Material sustainability evaluation of electrocatalysts in early-stage development

Sustainable energy materials for energy storage applications are crucial for a reliable energy transition. However, evaluating material sustainability in early stages of energy material research is a big challenge, as it is difficult to predict the final industrial process and supply chain of the investigated material. In this work we showcase that a sustainability evaluation can already be conducted in the early stage of electrocatalyst research. We provide a case study of two highly active alkaline oxygen evolution catalysts La0.6Sr0.4CoO3-δ and La0.6Ca0.4FeO3-δ with a thin film model catalyst approach.

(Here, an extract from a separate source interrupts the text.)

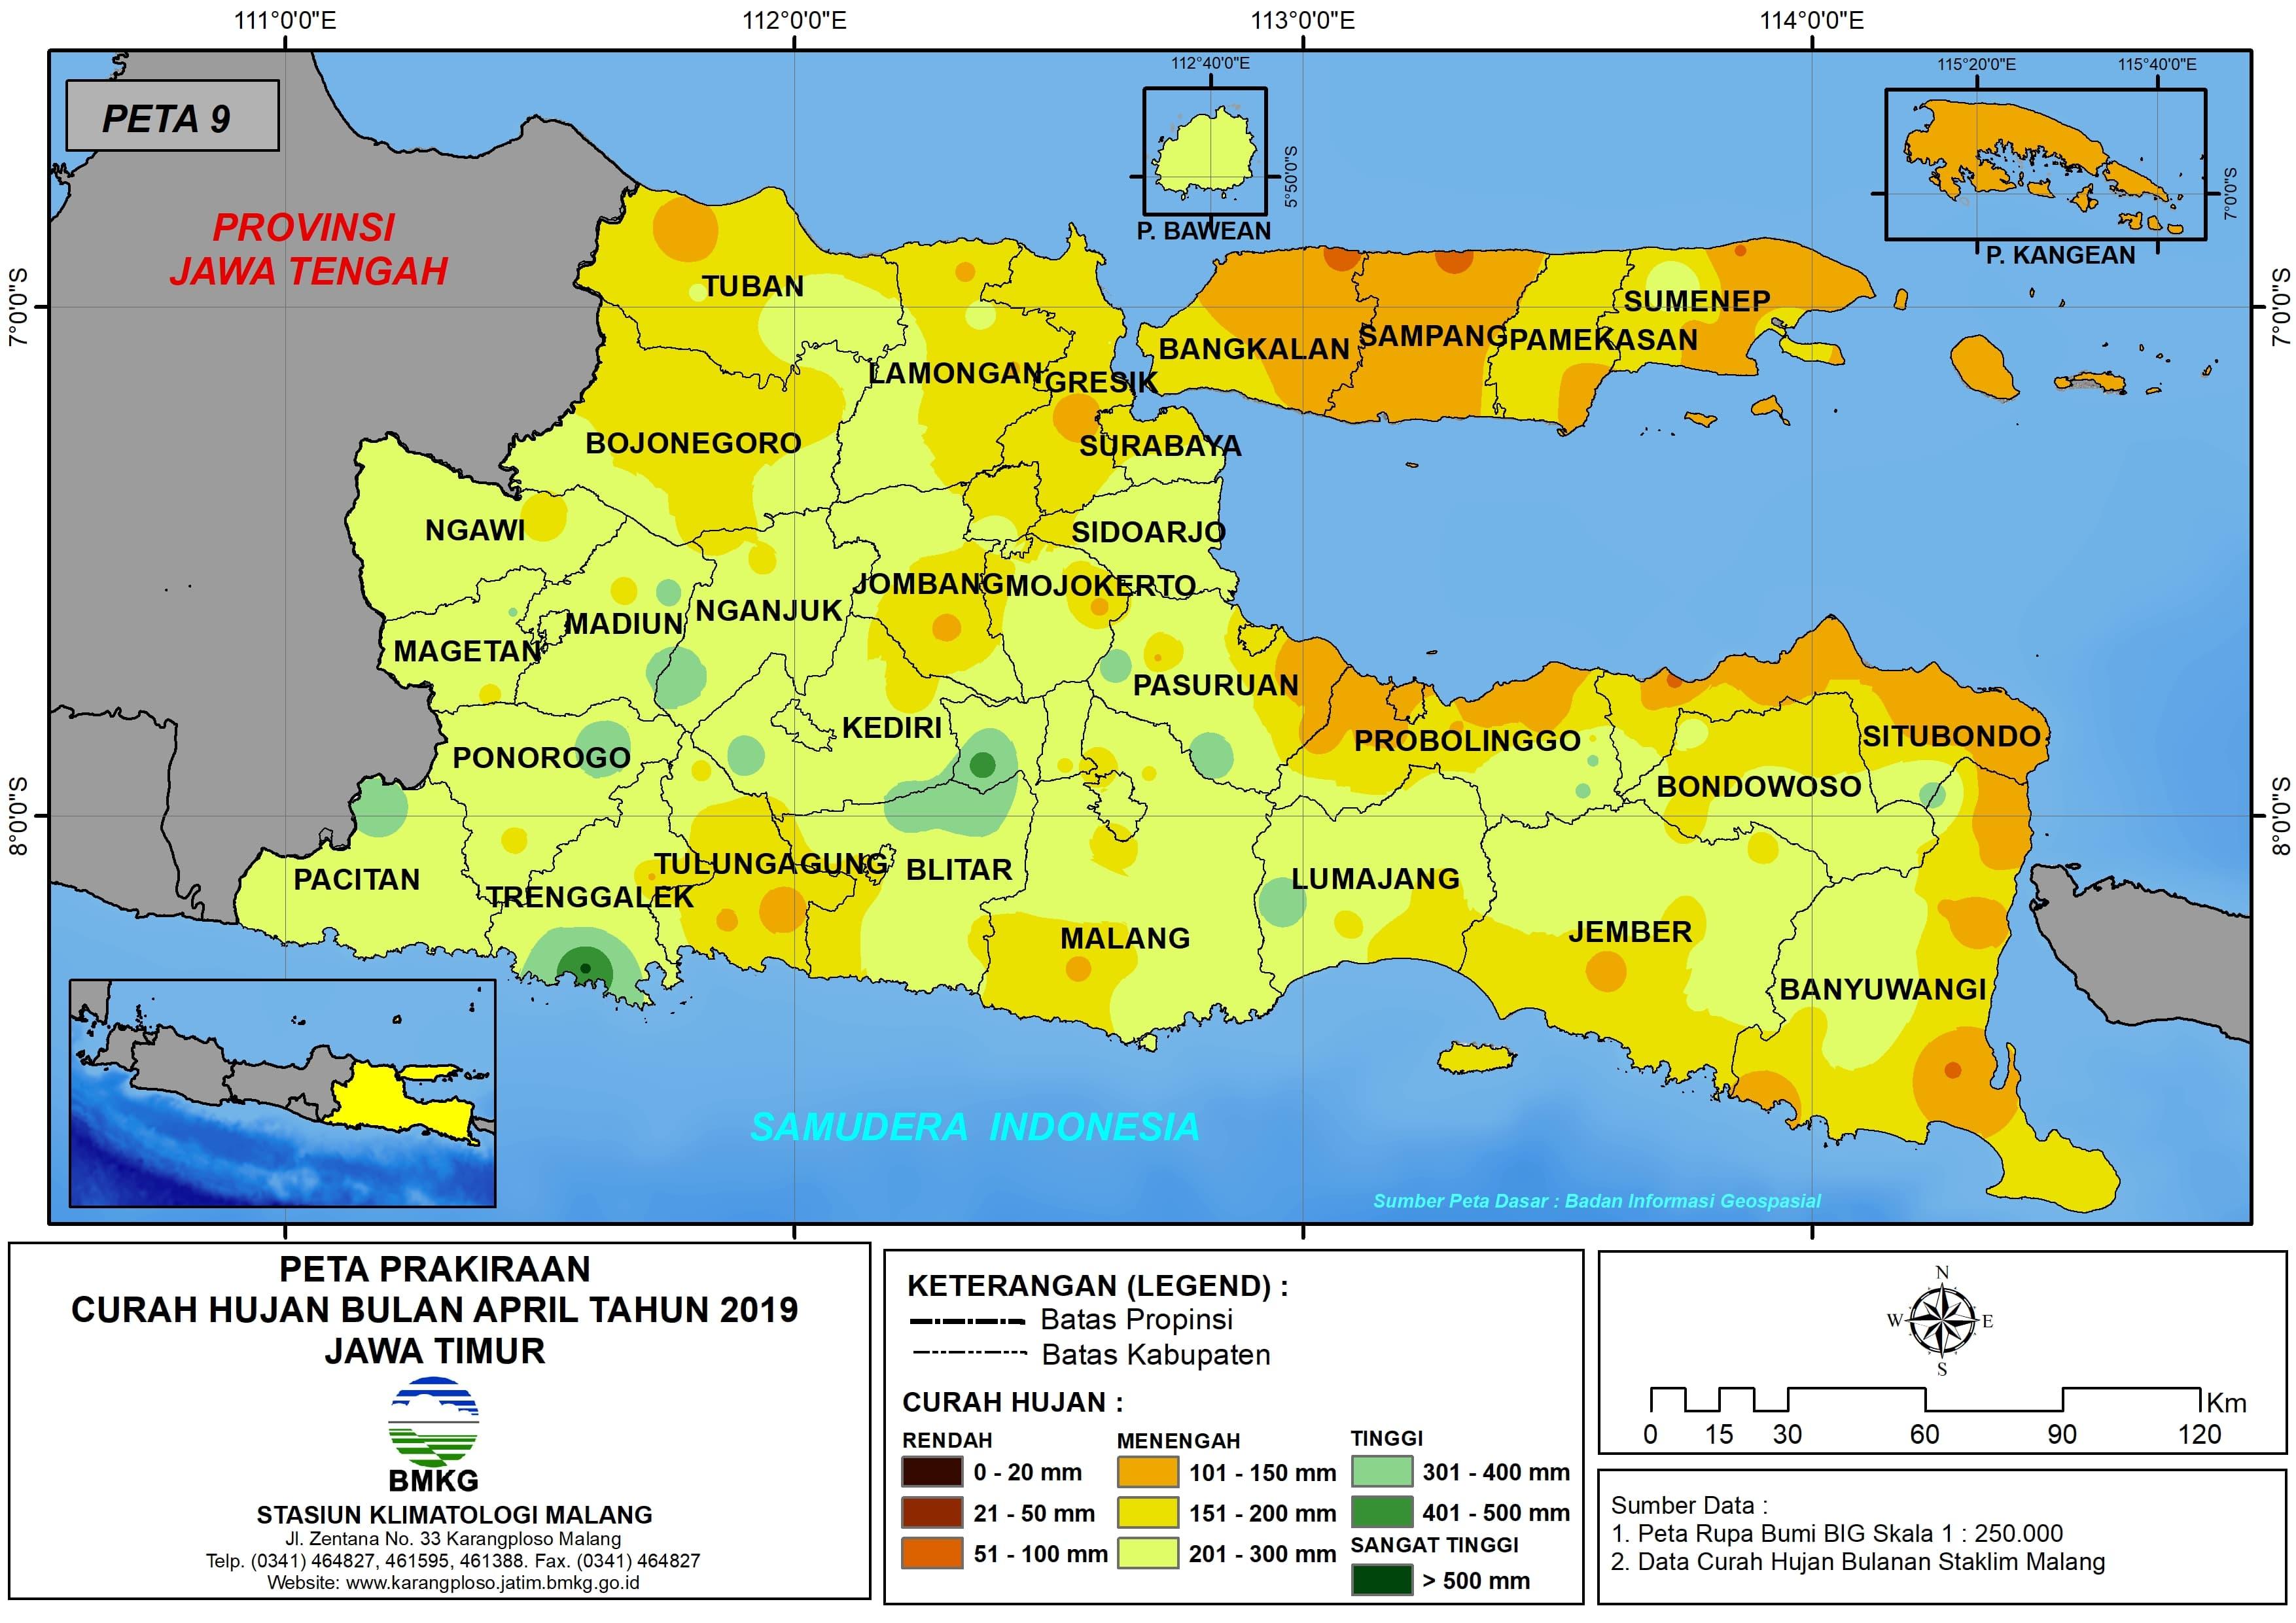 Prakiraan Curah Hujan Bulan April Tahun 2018 di Provinsi Jawa Timur Update dari Analisis Bulan Desember 2018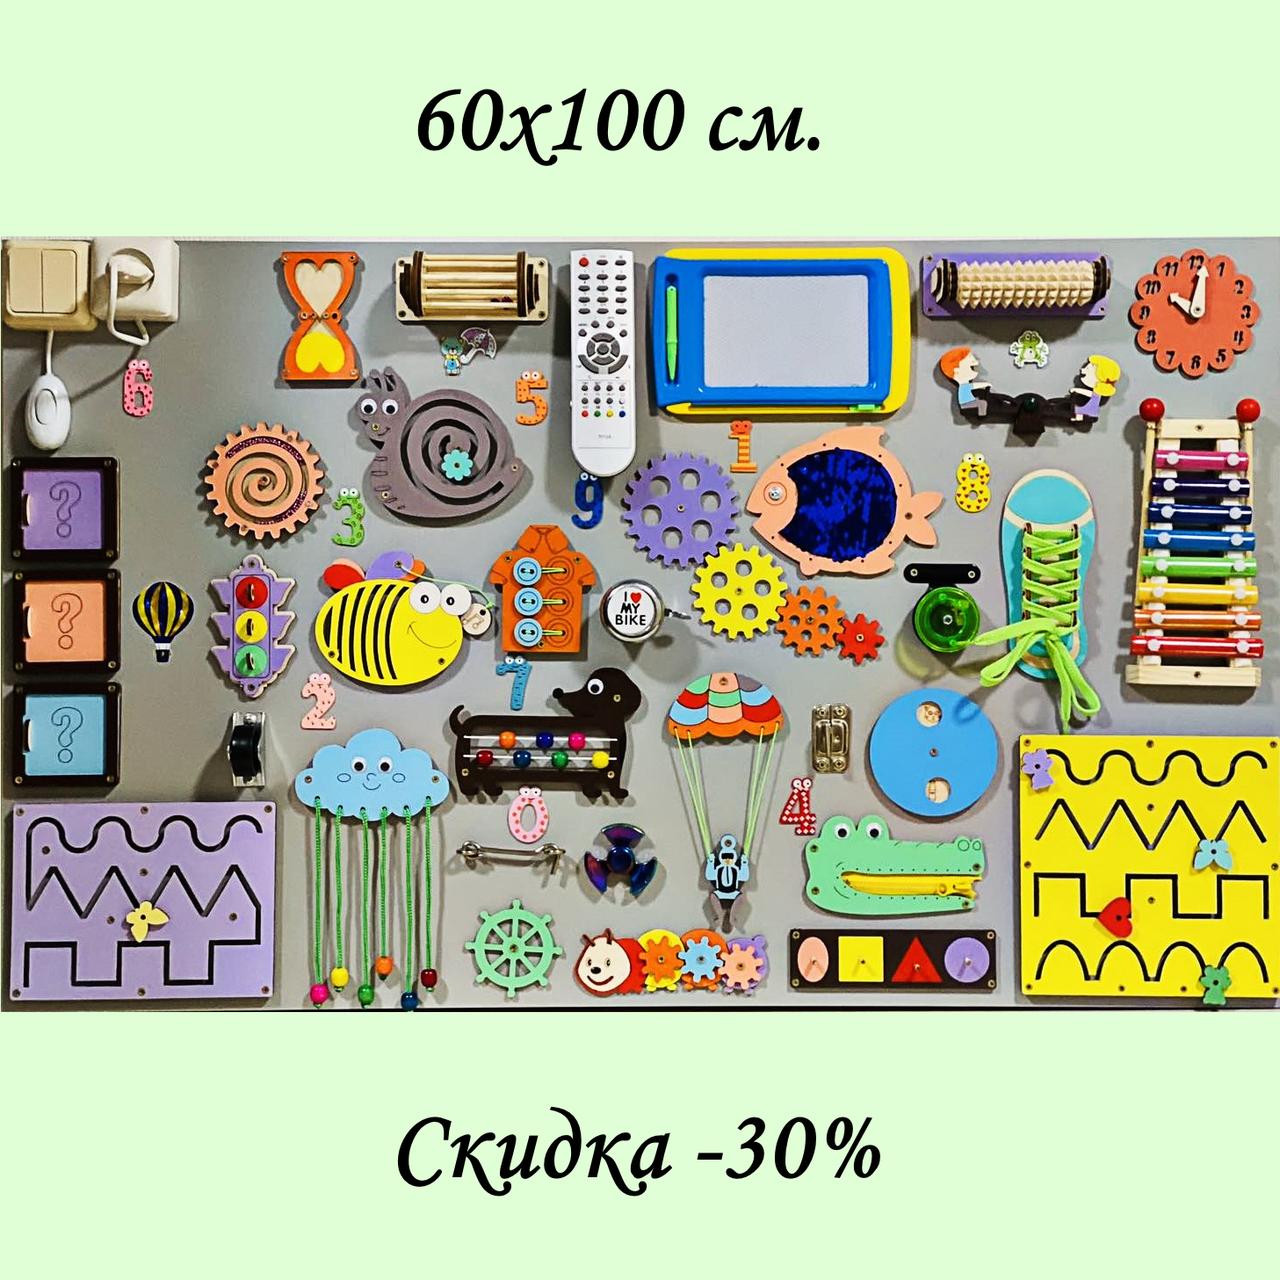 Розвиваюча дошка розмір 60*100 Бизиборд для дітей 57 елементів! Топ

For the sustainability evaluation, we consider the material criticality, compare precursor prices, conduct an environmental impact analysis of the precursors based on life cycle assessment and provide a qualitative discourse for social impacts of raw material extraction. We find that La0.6Ca0.4FeO3-δ has a reduced environmental footprint, smaller precursor supply risk and 10 times lower precursor price compared to La0.6Sr0.4CoO3-δ. However, for both perovskites the high environmental impact and high supply risk of lanthanum is of immediate concern towards larger scale application purposes. Sustainability evaluation in the early stages of energy material research can be a great chance to develop new material selection strategies leveraging sustainability in later stages of materials research for the energy transition.